Moderating Harm: Benchmarking Large Language Models for Cyberbullying Detection in YouTube Comments
Journal:
arXiv
Published Date:
May 25, 2025
Abstract
As online platforms grow, comment sections increasingly host harassment that
undermines user experience and well-being. This study benchmarks three leading
large language models, OpenAI GPT-4.1, Google Gemini 1.5 Pro, and Anthropic
Claude 3 Opus, on a corpus of 5,080 YouTube comments sampled from high-abuse
threads in gaming, lifestyle, food vlog, and music channels. The dataset
comprises 1,334 harmful and 3,746 non-harmful messages in English, Arabic, and
Indonesian, annotated independently by two reviewers with substantial agreement
(Cohen's kappa = 0.83).

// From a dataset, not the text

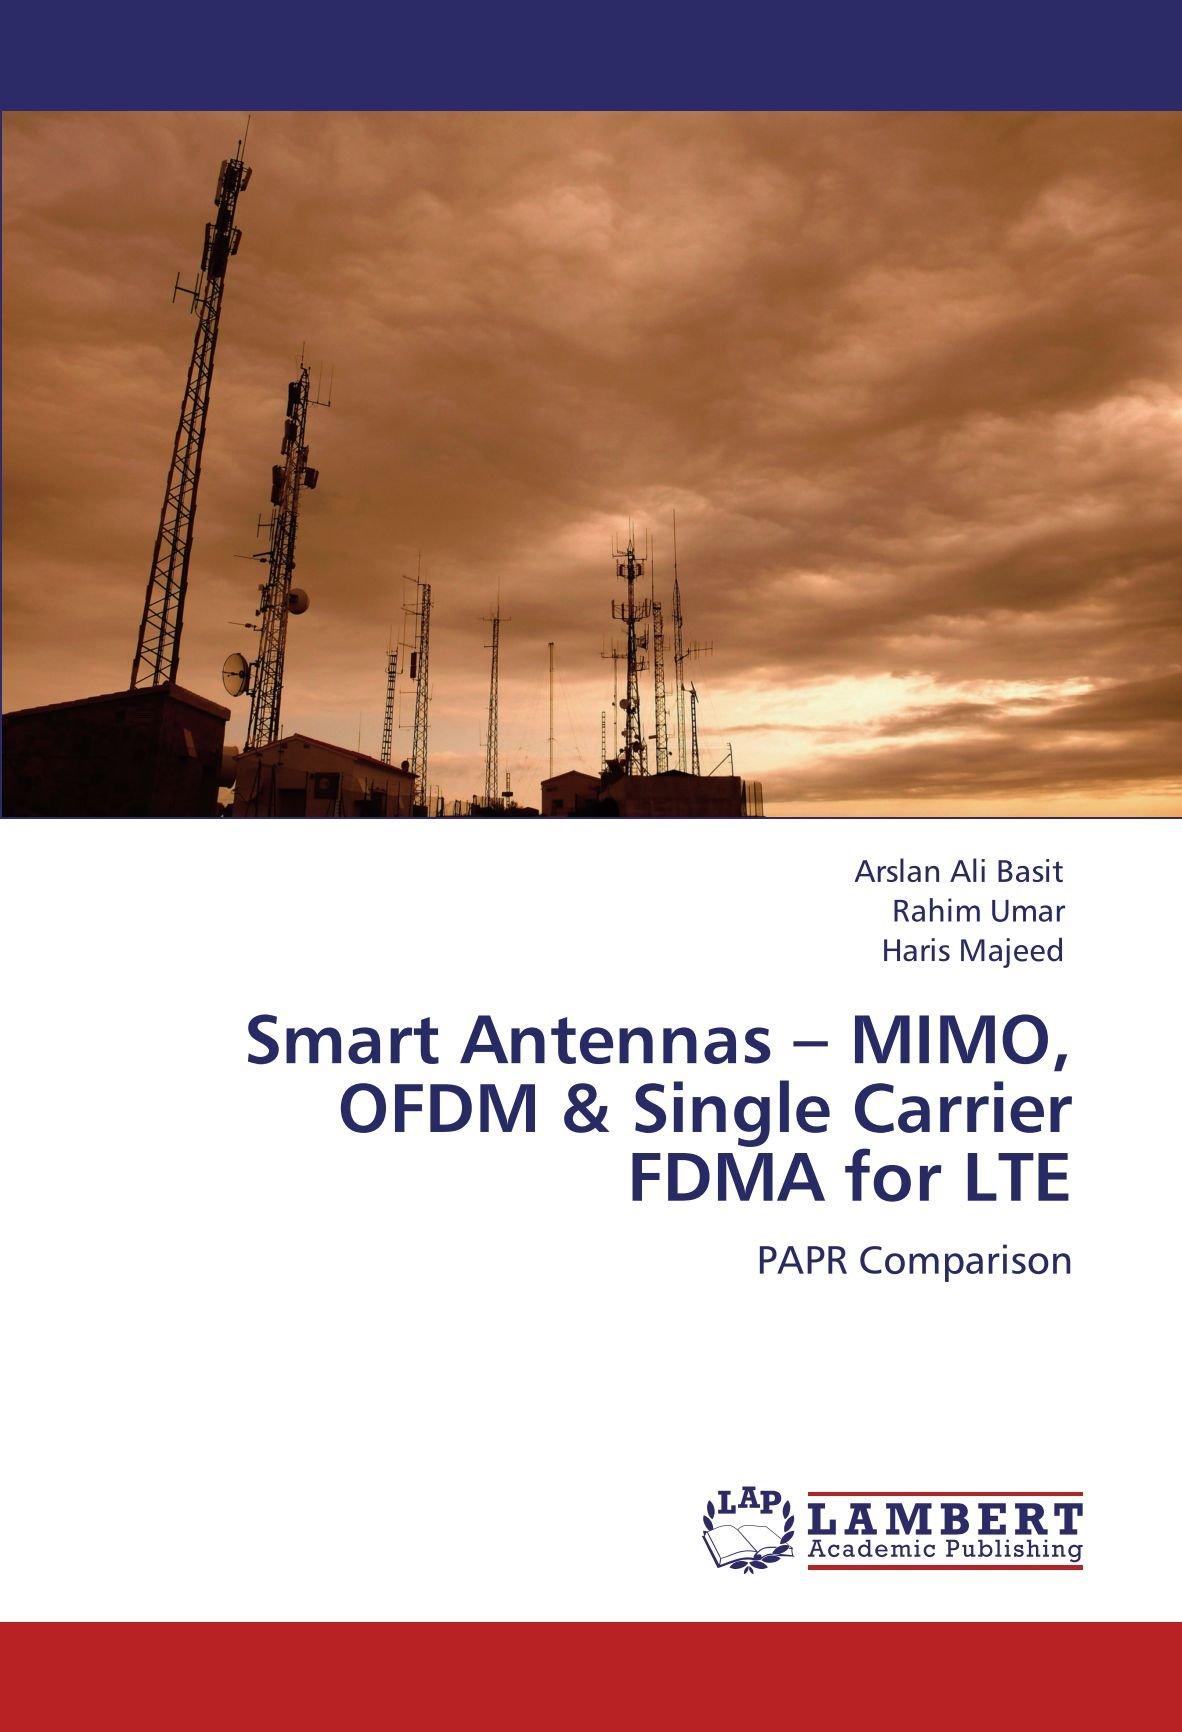 Smart Antennas Mimo Ofdm Single Carrier Fdma For Lte Papr Comparison Arslan Ali Basit Rahim Umar Haris Majeed 9783846553435 Books
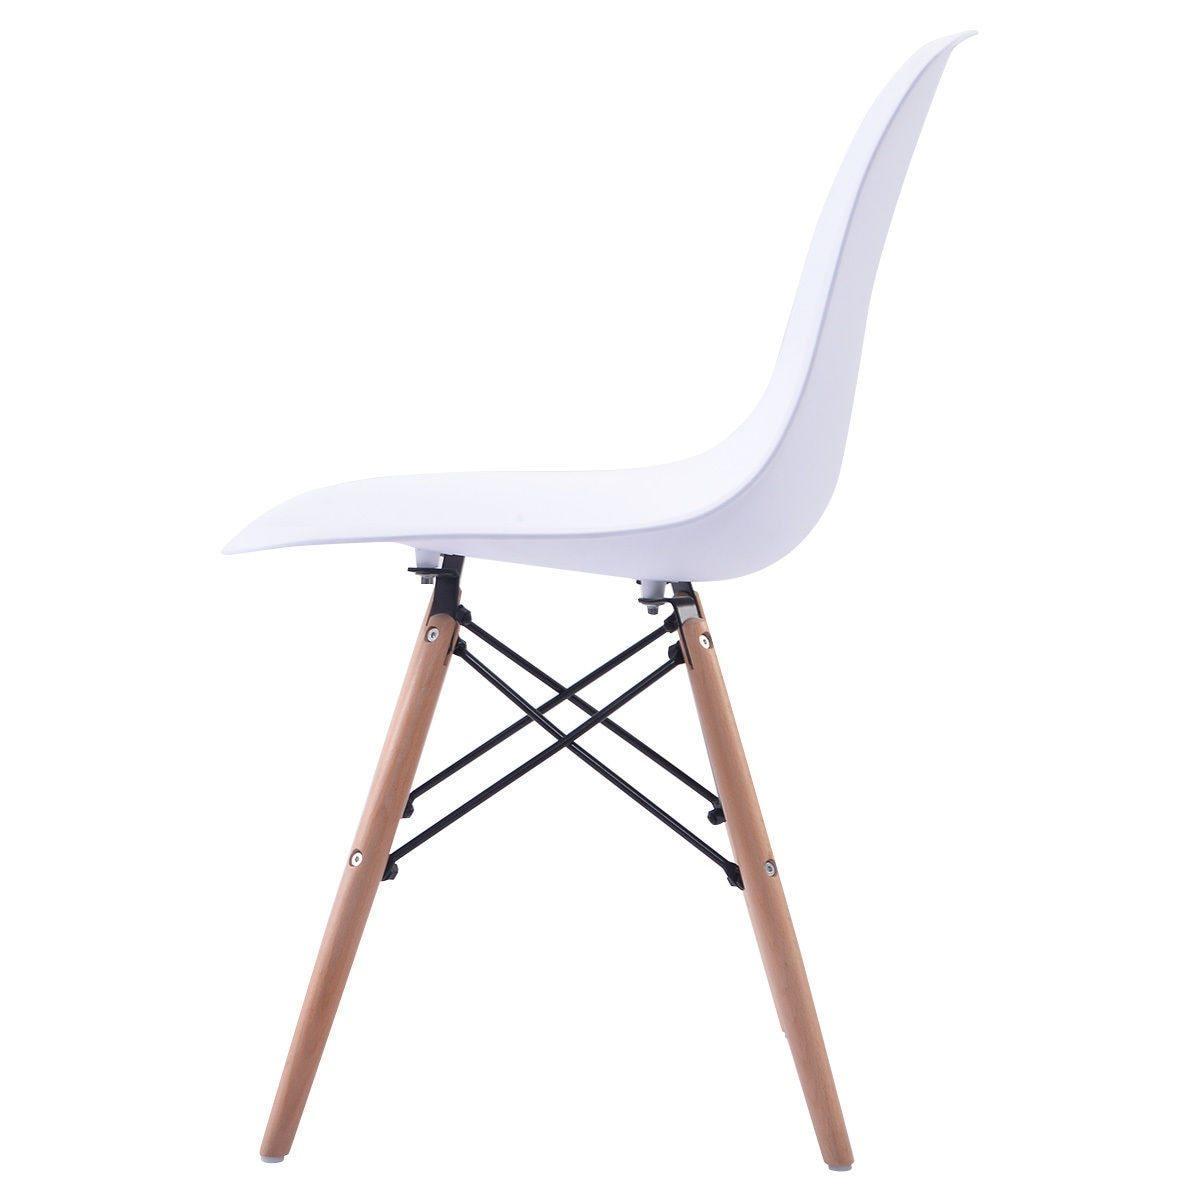 2 Piece White Modern Minimalist Dining Chairs

Using a unified prompt and deterministic settings,
GPT-4.1 achieved the best overall balance with an F1 score of 0.863, precision
of 0.887, and recall of 0.841. Gemini flagged the highest share of harmful
posts (recall = 0.875) but its precision fell to 0.767 due to frequent false
positives. Claude delivered the highest precision at 0.920 and the lowest
false-positive rate of 0.022, yet its recall dropped to 0.720. Qualitative
analysis showed that all three models struggle with sarcasm, coded insults, and
mixed-language slang. These results underscore the need for moderation
pipelines that combine complementary models, incorporate conversational
context, and fine-tune for under-represented languages and implicit abuse. A
de-identified version of the dataset and full prompts is publicly released to
promote reproducibility and further progress in automated content moderation.